Christianity and colonialism brought with them the ideology that men, for some reason, were superior to women. The idea of patriarchy was promoted throughout religious and colonial institutions. In British common law, upon marriage, a woman’s legal rights and obligations were subsumed by those of her husband. Effectively, she lost her mana in the eyes of the law.

“Traditional Māori culture was founded on what’s called a duo-theistic cosmology,” AUT University associate professor Ella Henry (Ngāti Kahu ki Whāngaroa, Ngāti Kurī, Te Rārawa) tells me. “In other words, there were two gods. There was Papatūānuku, the earth mother, and Ranginui, the sky father, and these two were in a complementary relationship. Both were equally important in the survival and creation of mankind… The karanga has equal status to the whaikōrero.”

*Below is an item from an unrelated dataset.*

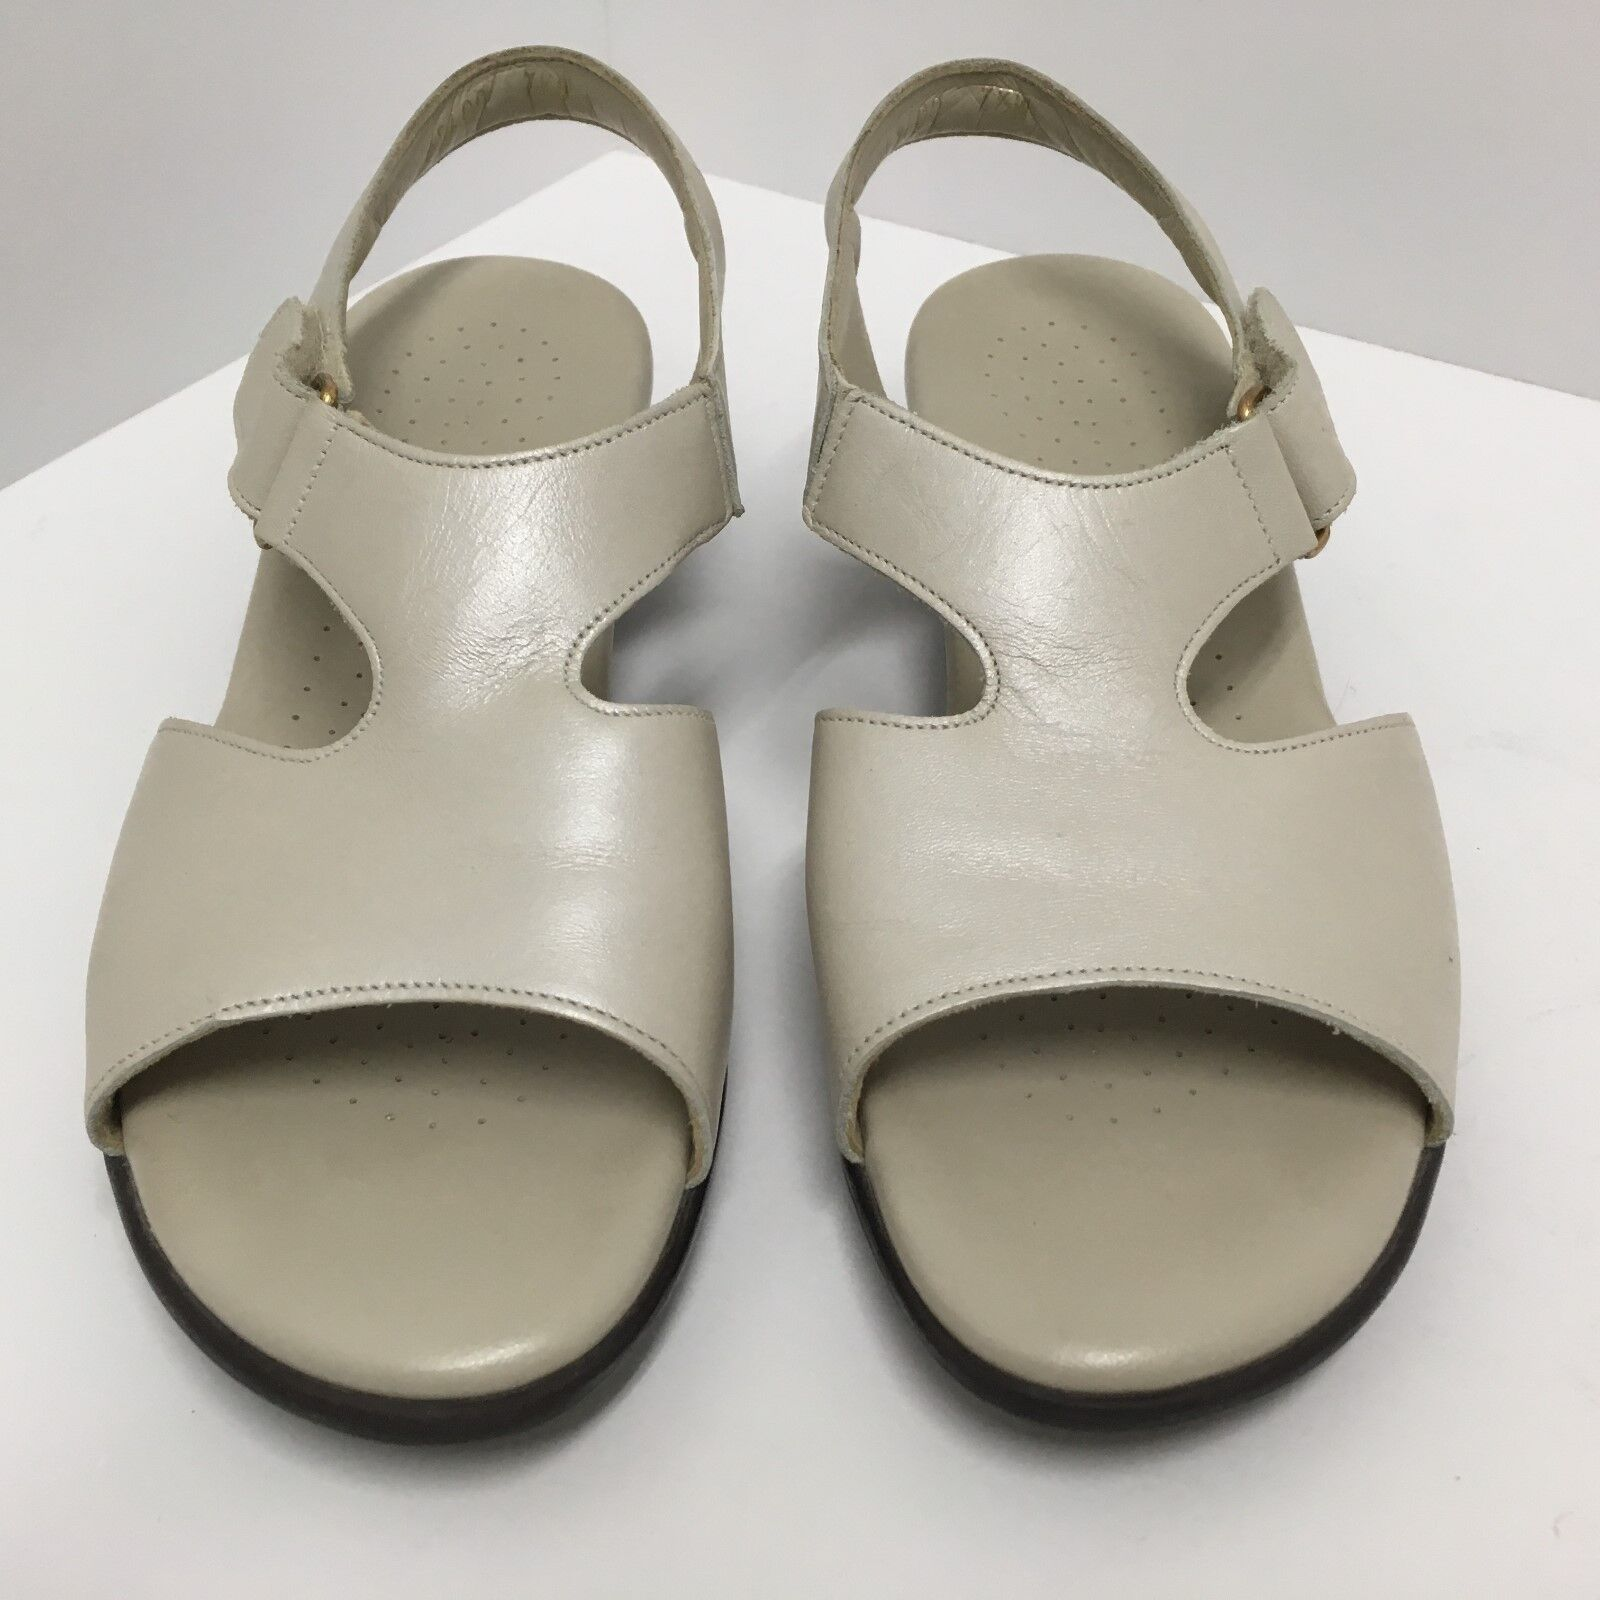 SAS Tripad Comfort Suntimer Beige Leather Sandals Ankle Strap Women's Size 7.5 W

Henry’s master’s research in the early 1990s coincided with the original claim, and looked at the status given to Māori women prior to colonisation. “My thesis was focusing on Māori women and leadership, so I tried to interview a number of women who were claimants,” Henry says. “That’s really how I got involved in finding out about the claim. I wanted to find out what kind of leadership roles Māori women enjoyed in the 20th century and compare that with data I could find about Māori women in a traditional pre-colonial society. Not surprisingly, I found there were some significant differences.”

During stage one of the hearings, claimants and the tribunal are undertaking an exploration of the tikanga of mana wāhine and the pre-colonial understanding of wāhine in te ao Māori, to provide a tūāpapa for the inquiry.

According to Evans, the second stage of the hearings are scheduled to begin at the end of 2022. This stage will focus on the consequences of the breaches of the Treaty, including the intergenerational effects of colonisation and the negative socioeconomic impacts on Māori women.

Stage three will be looking at remedies for the breaches and their consequences. All the wāhine I spoke to shared the sentiment that there is no sum of money nor redress that could ever truly make up for what Māori women have had to endure. However, they did agree that there are steps the Crown can take towards acknowledging what they have done and at least attempting to rectify the problems they have caused.

“I do think that there are a number of things that can be done to address this grievance,” says Henry. “Providing adequate resources to tell the truth about the history of Māori society [is one example], because I think there are a lot of particularly younger urban Māori who have lost contact with these ancient stories of the mana of women; allocation of funding to support Māori women to become leaders in our community as we were prior to the Treaty; more Māori women representing our people on high level boards and entities.

“We’ve seen over the last 30 plus years a range of settlements that whilst the government has not been legally bound to address these issues, they are certainly morally bound to. Successive governments have actually acknowledged that moral requirement.”

Adds Evans: “For starters we’d be looking for an apology, that would not be a light-hearted apology.

“I mean, how do you apologise for 181 years of colonisation and systemic racism? We would want to look at a quantum. We would like to look at what governance looks like. We want remedies around systemic racism and legislation in terms of commissions.”

Says Allen: “Honouring Te Tiriti doesn’t mean we can invite Māori to the table, it means we’re all at the table. It’s not a consultation, it’s about a 50/50 partnership.”

She acknowledges the many wāhine that have gone before, who started the mahi they now continue in their honour. “I hope that those wāhine who have long done that for this claim and many claims before, know that we see them, what they’ve done, and we appreciate that.”